┌─ Input

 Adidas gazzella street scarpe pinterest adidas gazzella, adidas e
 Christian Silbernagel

└─
┌─ Input

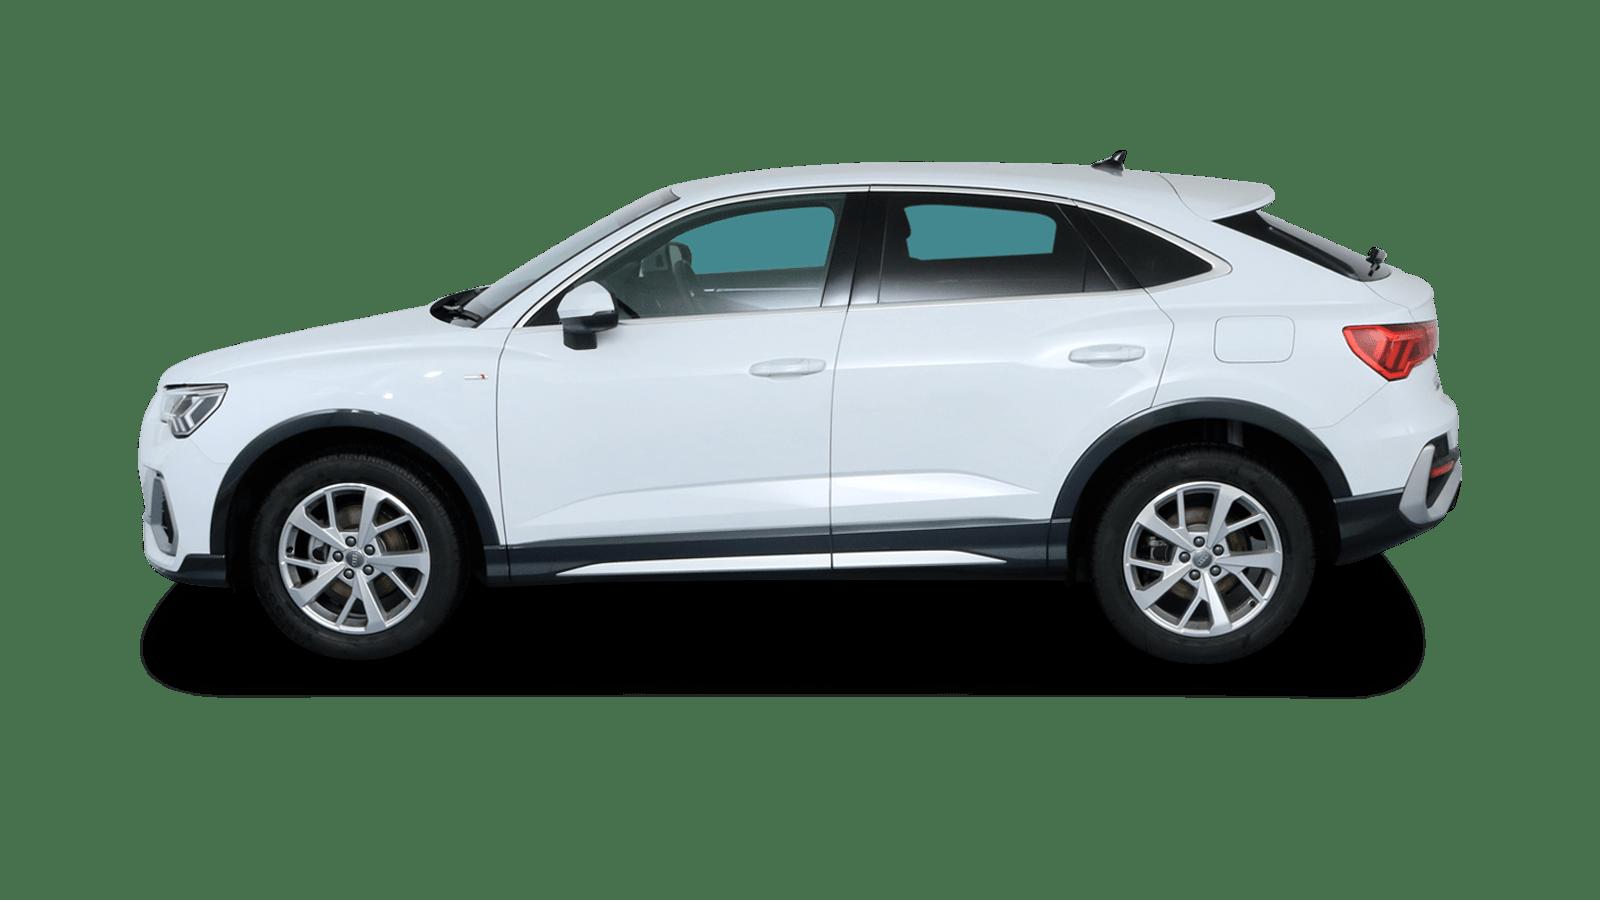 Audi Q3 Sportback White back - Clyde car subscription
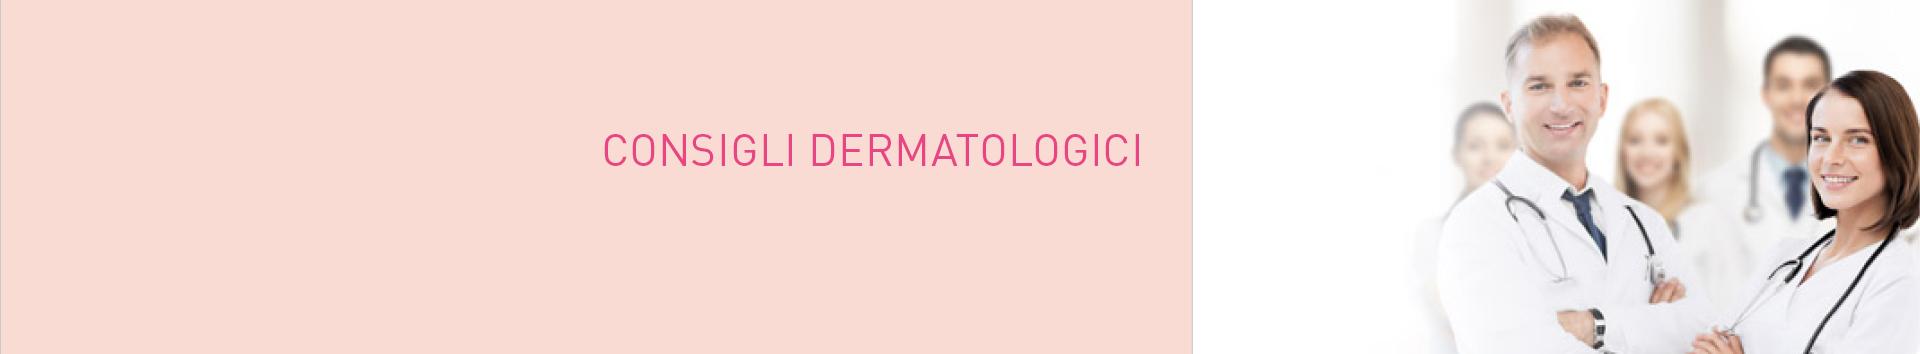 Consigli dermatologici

└─
┌─ Input

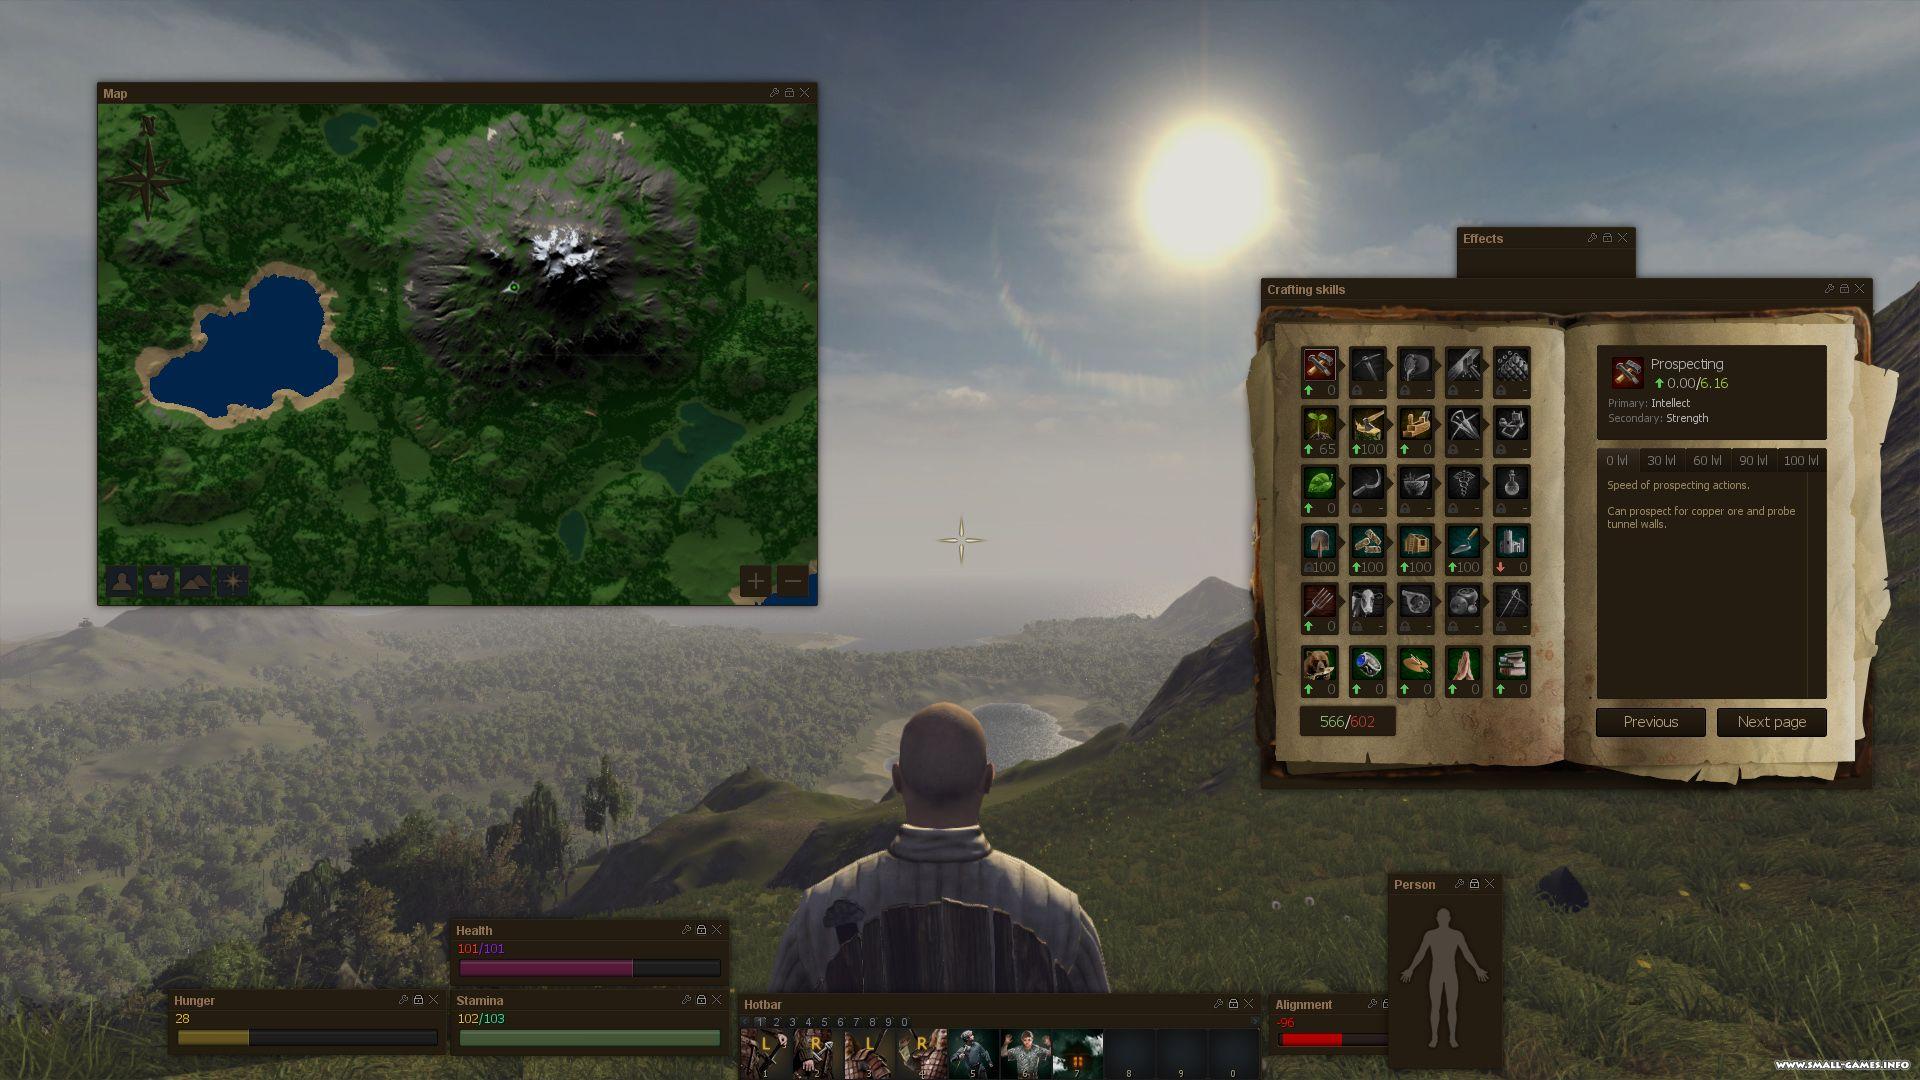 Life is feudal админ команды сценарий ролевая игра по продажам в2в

└─

What you have to do: Within the material above, output exactly the lines from the one with "Adidas gazzella street" through the one with "Christian Silbernagel", end lines included, and nothing besides.

Completed exercise:
 Adidas gazzella street scarpe pinterest adidas gazzella, adidas e
 Christian Silbernagel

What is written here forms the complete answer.